Decolonization in Education

Colonialism is embedded in the policies, practices and systems (including educational institutions) of Canada.

Providing Equity, Diversity and Inclusion (EDI) training at institutions may be a stepping stone to decolonization and inclusion at university. 

“It provides a strong foundation to have important discussions and think about the needs of equity deserving groups, particularly how the current system and their criteria for admissions and for access to opportunities may not reflect everyone’s lived experiences,” Ardavan Eizadirad, assistant professor in the faculty of education at Wilfrid Laurier University, said. 

These systems could disadvantage certain groups. For example, the makeup of leadership positions in companies and post-secondary institutions shows a decrease in diversity as status increases.

EDI training and hiring from a non-colonial lens may incorporate more inclusion in these positions.

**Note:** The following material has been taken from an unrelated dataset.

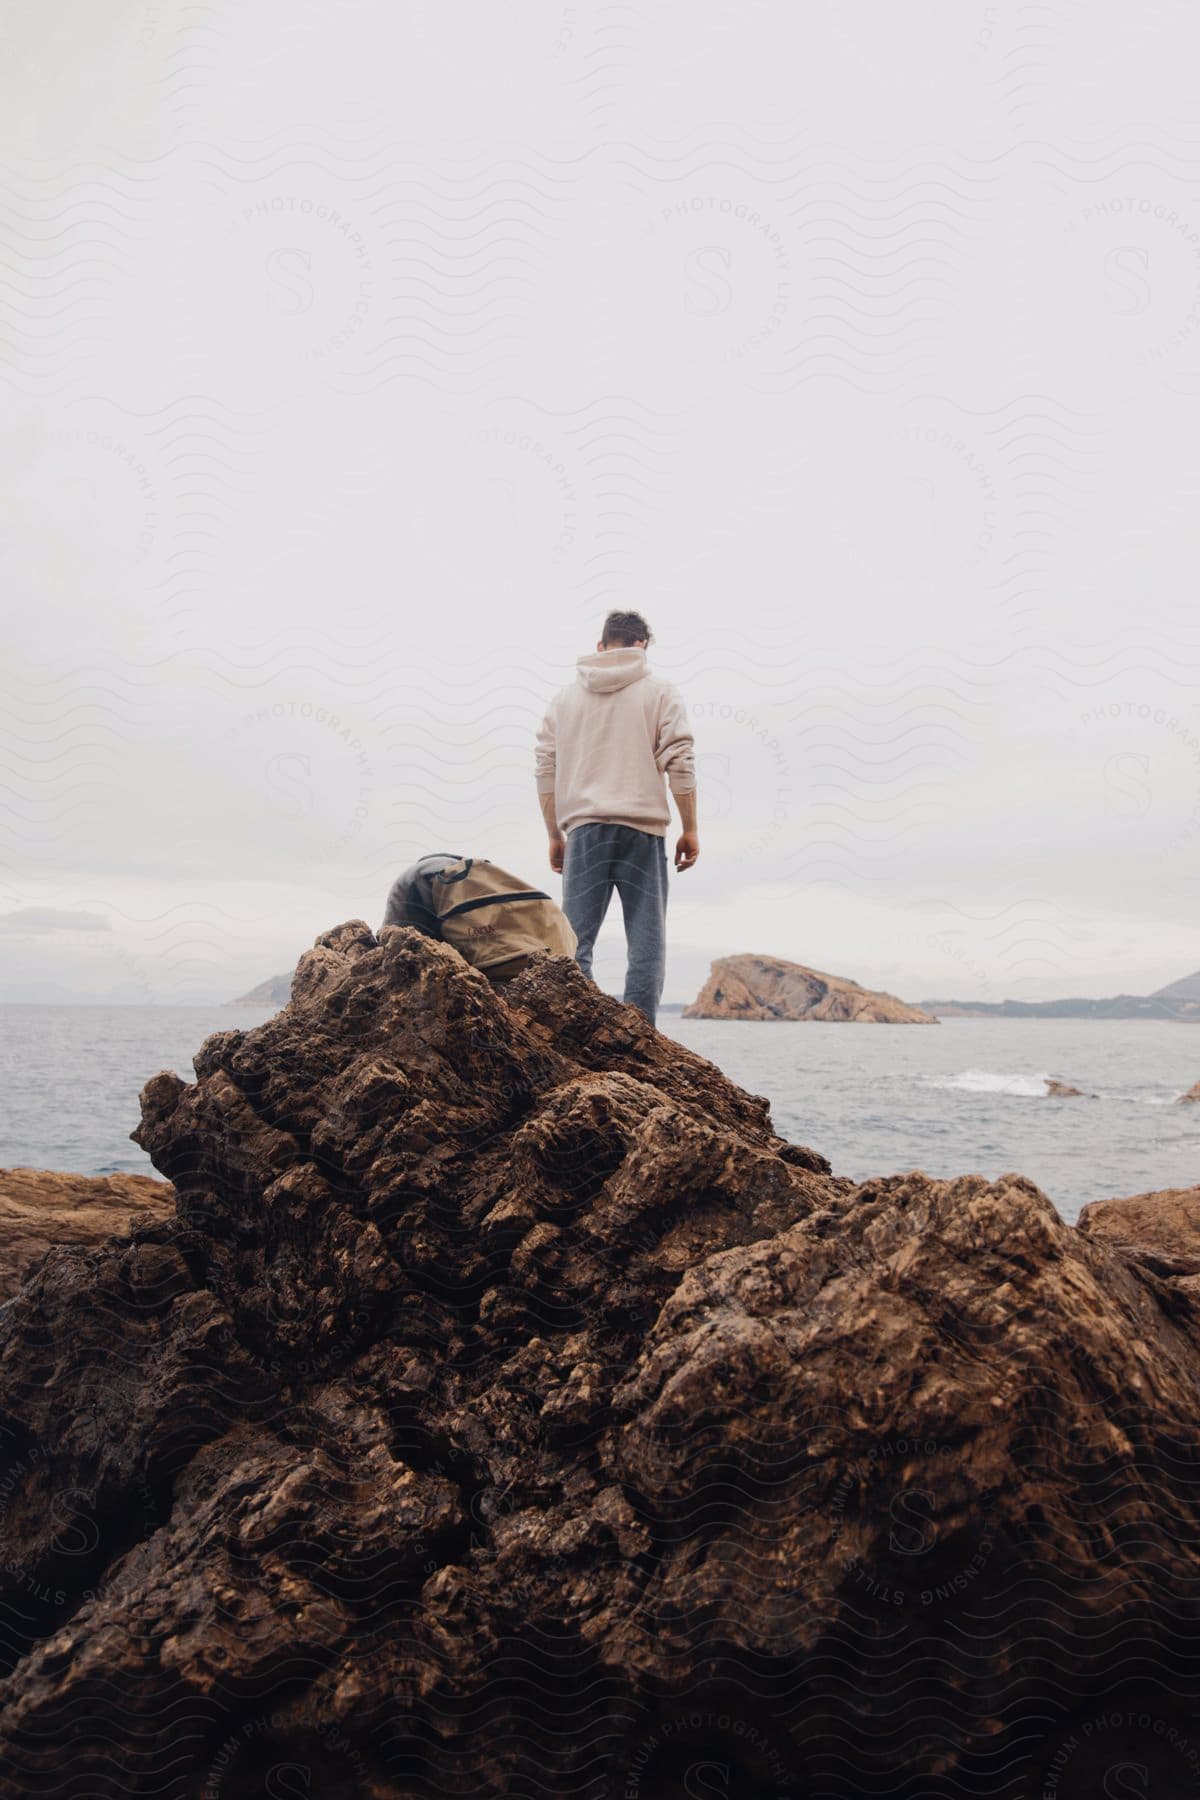 a man wearing a hoody standing on a rock by the sea looking at the waters
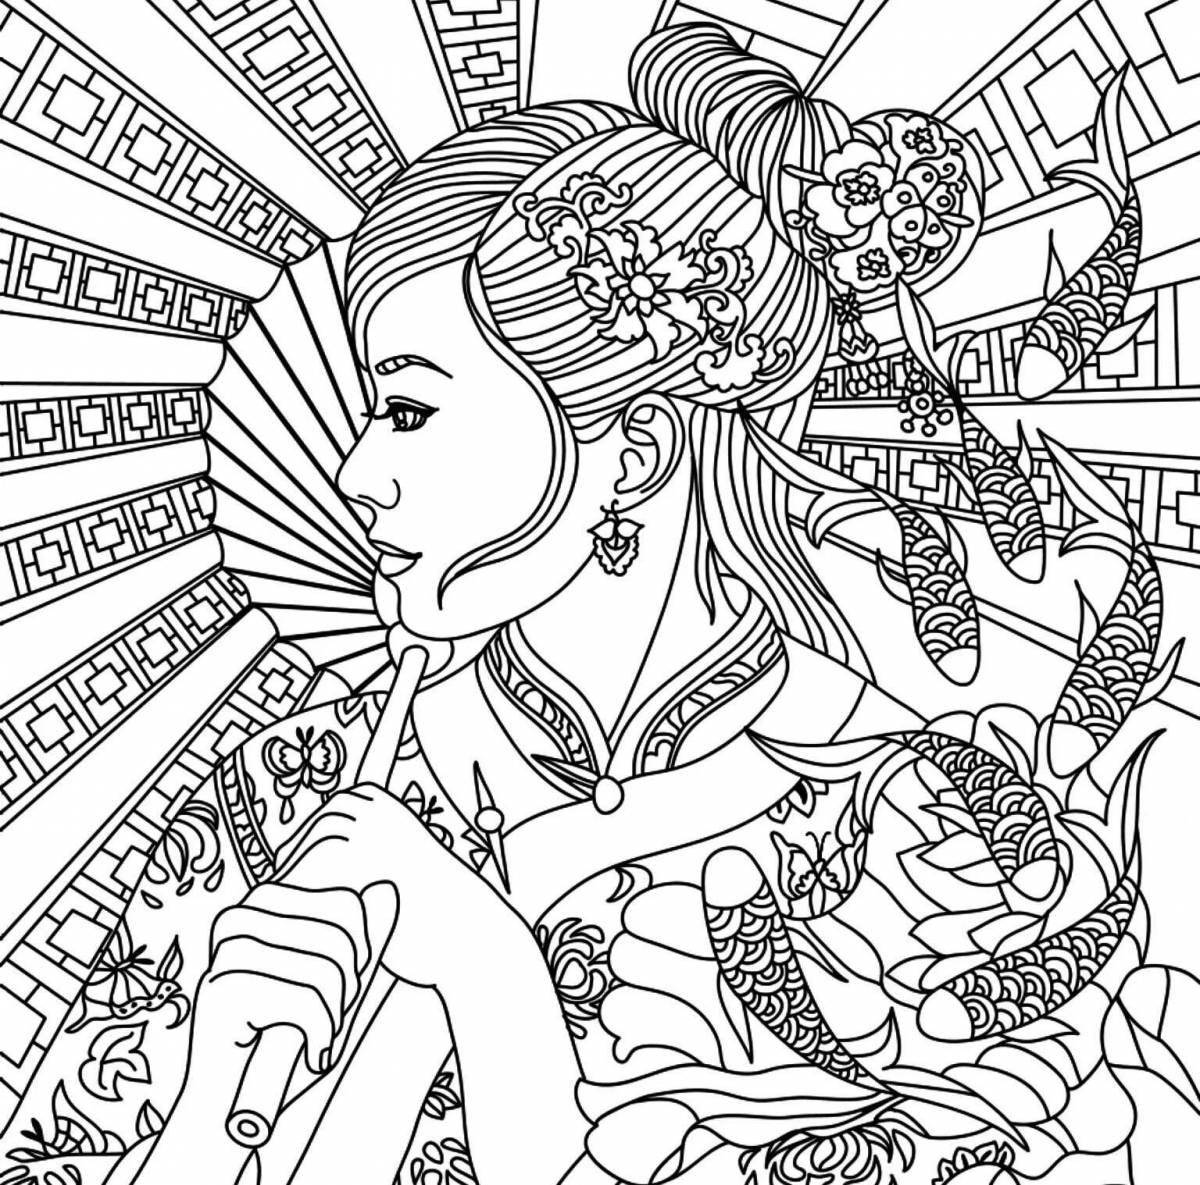 Great anti-stress coloring book for adults 18

“If we’re hiring a position for an Indigenous scholar […] from a colonial lens of what is knowledge, such as having a PhD, the process doesn’t align with the goal. In Indigenous culture, many people are knowledge keepers and have lived experiences that are valued and passed on for generations through oral culture, so not only do we have to think about the outcome, but also think about the processes in place that dictate who arrives in those positions and gets those opportunities.”

Education is a key factor in reconciliation. Eizadirad quoted Murray Sinclair, who stated that “Education got us into this mess, but education also has the potential to get us out of this mess.”

In countries where there was genocide, education was used as a tool to advance stereotypes about certain groups of people that justified violence towards them, such as residential schools in Canada.

“Education is a double-edged sword,” He said.

“Education can be used to promote critical thinking, have people come to the table and work together to tackle social issues, to center social justice, to see solidarity and allyship,”

Eizadirad is the founder and director of EDIcation Consulting, which promotes and enhances EDI and EDI training. 

Apart from providing justice for marginalized groups, inclusion also relates to student mental health at school.

“Inclusion is a story of power. It’s: Do you feel like you’re being seen? Are you valued for who you are, from how you talk, how you dress, how you show up? I think institutions have a very important [role] not just making sure students get access to post-secondary institutions and get there, but is this space prepared for them? Can they access support services that are culturally relevant, and sustaining to who they are?” Eizadirad said.

Feeling isolated in these spaces or unwelcome in communities impacts an individual’s mind, mental health, spirituality and engagement with the environment around them.

“When you feel good and you feel valued, you’re likely going to be more engaged in your classes and with pursuing your academic goals,” Eizadirad said.

The EDI office is working to incorporate similar inclusion values at Laurier. 

Eizadirad is also on the board of directors for Amadeusz, which provides educational resources for incarcerated youth. 

“There needs to be more advocacy and awareness around how we can create access to education, which, even if you are guilty of a crime, you should still have access to it, because education has shown to be the greatest protective factor in rehabilitation,” he said.

He continues to advocate for decolonization and social justice in education while teaching at Laurier.

“We want education to be more on the side of advancing social justice and doing good than harm.”